Published in final edited form as: Int J Mycobacteriol. 2013 Mar 20;2(2):73–78. doi: 10.1016/j.ijmyco.2013.02.002

Molecular patterns of multidrug resistance of Mycobacterium tuberculosis in Georgia

N Shubladze 1,*, N Tadumadze 1, N Bablishvili 1
PMCID: PMC4042859  NIHMSID: NIHMS581501  PMID: 24904758

Abstract

Background

Tuberculosis (TB) infections caused by multidrug-resistant Mycobacterium tuberculosis (MDR MTB) remain a significant public health concern worldwide. Georgia has a high prevalence of MDR MTB. The genetic mechanisms underlying the emergence of MDR MTB strains in this region are poorly understood and need to be determined for developing better strategies for TB control. This study investigated the frequency of major drug resistance mutations across rpoB, katG and inhA loci of Georgian MDR MTB strains and explored differences between new and previously treated patients.

A total of 634 MTB strains were examined for which an MDR phenotype had been previously determined by the proportions method. The GenoType®MTBDRplus system was applied to screen the strains for the presence of rpoB (S531L, H526D, H526Y, and D516V), katG (S315T) and inhA promoter region (C15T and T8C) mutations. The target loci were amplified by PCR and then hybridized with the respective site-specific and wild type (control) probes.

Results

Out of the 634 isolates tested considered by phenotypic testing to be resistant to RIF and INH, this resistance was confirmed by the GenoType®MTBDRplus assay in 575 (90.7%) isolates. RIF resistance was seen in 589 (92.9%) and INH resistance was seen in 584 (92.1%); 67.2% and 84.3% of MDR strains harbored respectively rpoB S531L and katG S315T mutations (generally known as having low or no fitness cost in MTB). The inhA C15T mutation was detected in 22.6% of the strains, whereas rpoB H526D, rpoB H526Y, rpoB D516V and inhA T8C were revealed at a markedly lower frequency (≤5.2%). The specific mutations responsible for the RIF resistance of 110 isolates (17.4%) could not be detected as no corresponding mutant probe was indicated in the assay. There was no specific association of the presence of mutations with the gender/age groups. All types of prevailing mutations had higher levels in new cases.

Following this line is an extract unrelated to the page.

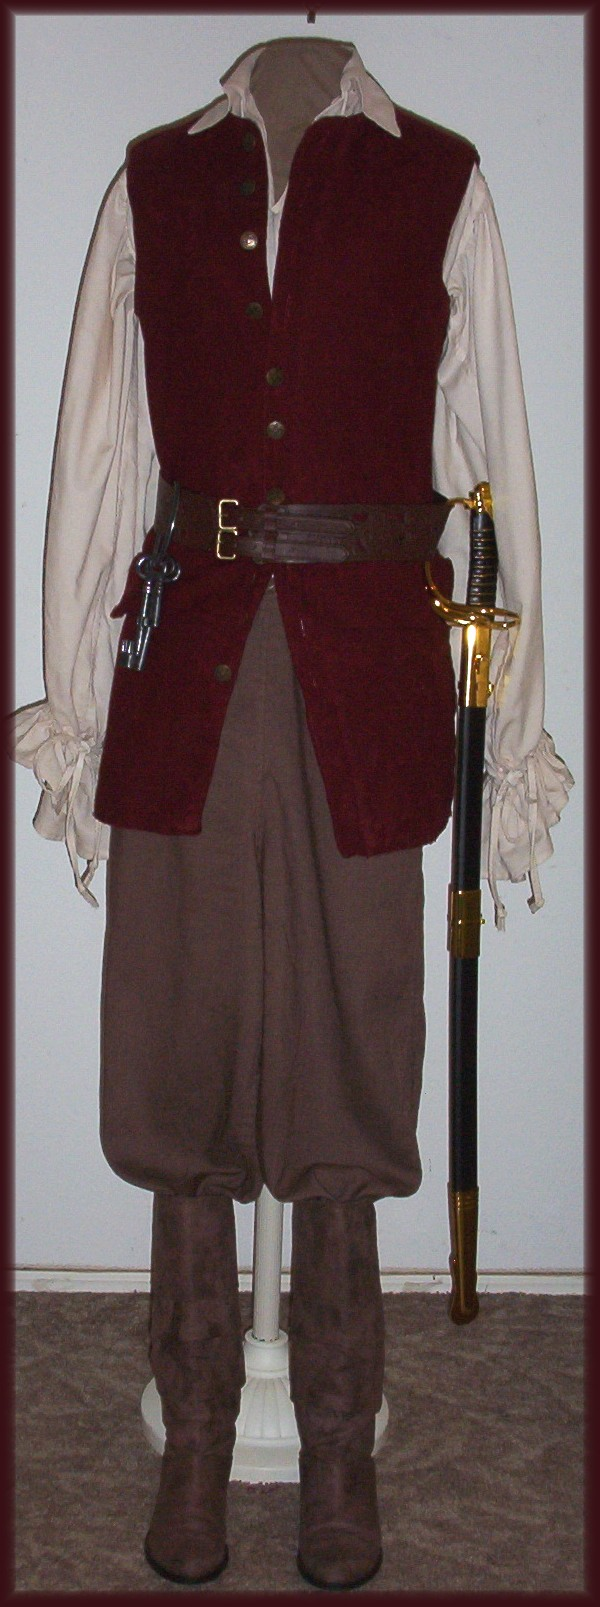 Elizabeth Swann Pirate Costume 032.jpg
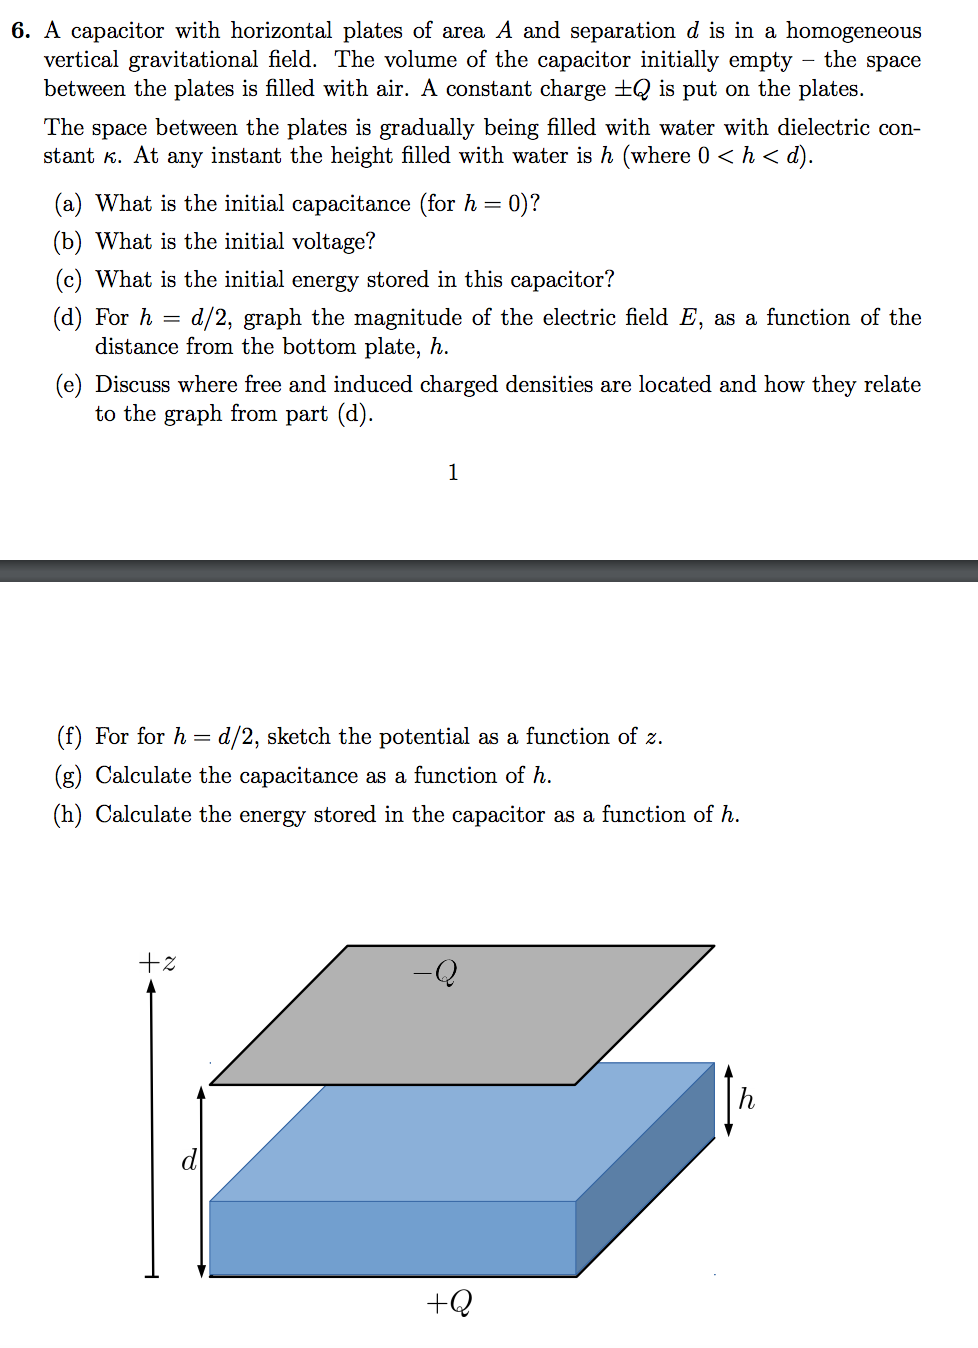 www.chegg.com homework help

A great majority of the Georgian MDR MTB strains have a strong preference for the drug resistance mutations carrying no or low fitness cost. Thus, it can be suggested that MDR MTB strains with such mutations will continue to arise in Georgia at a high frequency even in the absence of antibiotic pressure.

Keywords: M. tuberculosis, Mutation, Multidrug resistant tuberculosis, GenoType®MTBDRplus, Fitness cost

Introduction

Tuberculosis is one of the leading infectious killers in the world today, second only to HIV. An estimated 2 billion people are infected with the bacteria that cause TB, and each year 8 million people are newly diagnosed with the disease. In spite of adequate therapy, an estimated 2–3 million people die of the disease every year [1]. Adding to the heavy burden of TB-related morbidity and mortality are drug-resistant strains of the disease. Multidrug-resistant TB is defined as strains of Mycobacterium tuberculosis expressing in vitro resistance to at least Rifampicin (RIF) and Isoniazid (INH) – two of the most powerful anti-tuberculous agents available. Resistance to these agents leads to longer, more complicated and more costly therapy. The estimates of the global burden of disease caused by TB in 2009 are as follows: 9.4 million incident cases, 14 million prevalent cases, and 1.3 million deaths among HIV-negative people and 0.38 million deaths among HIV-positive people [1]. Developing countries account for 95% of all TB cases and 98% of all TB deaths worldwide [2]. Among TB patients notified in 2009 (5.8 million), an estimated 250,000 (range, 230,000–270,000) had multidrug-resistant TB (MDR-TB). Of these, slightly more than 30,000 (12%) were diagnosed with MDR-TB and notified [1].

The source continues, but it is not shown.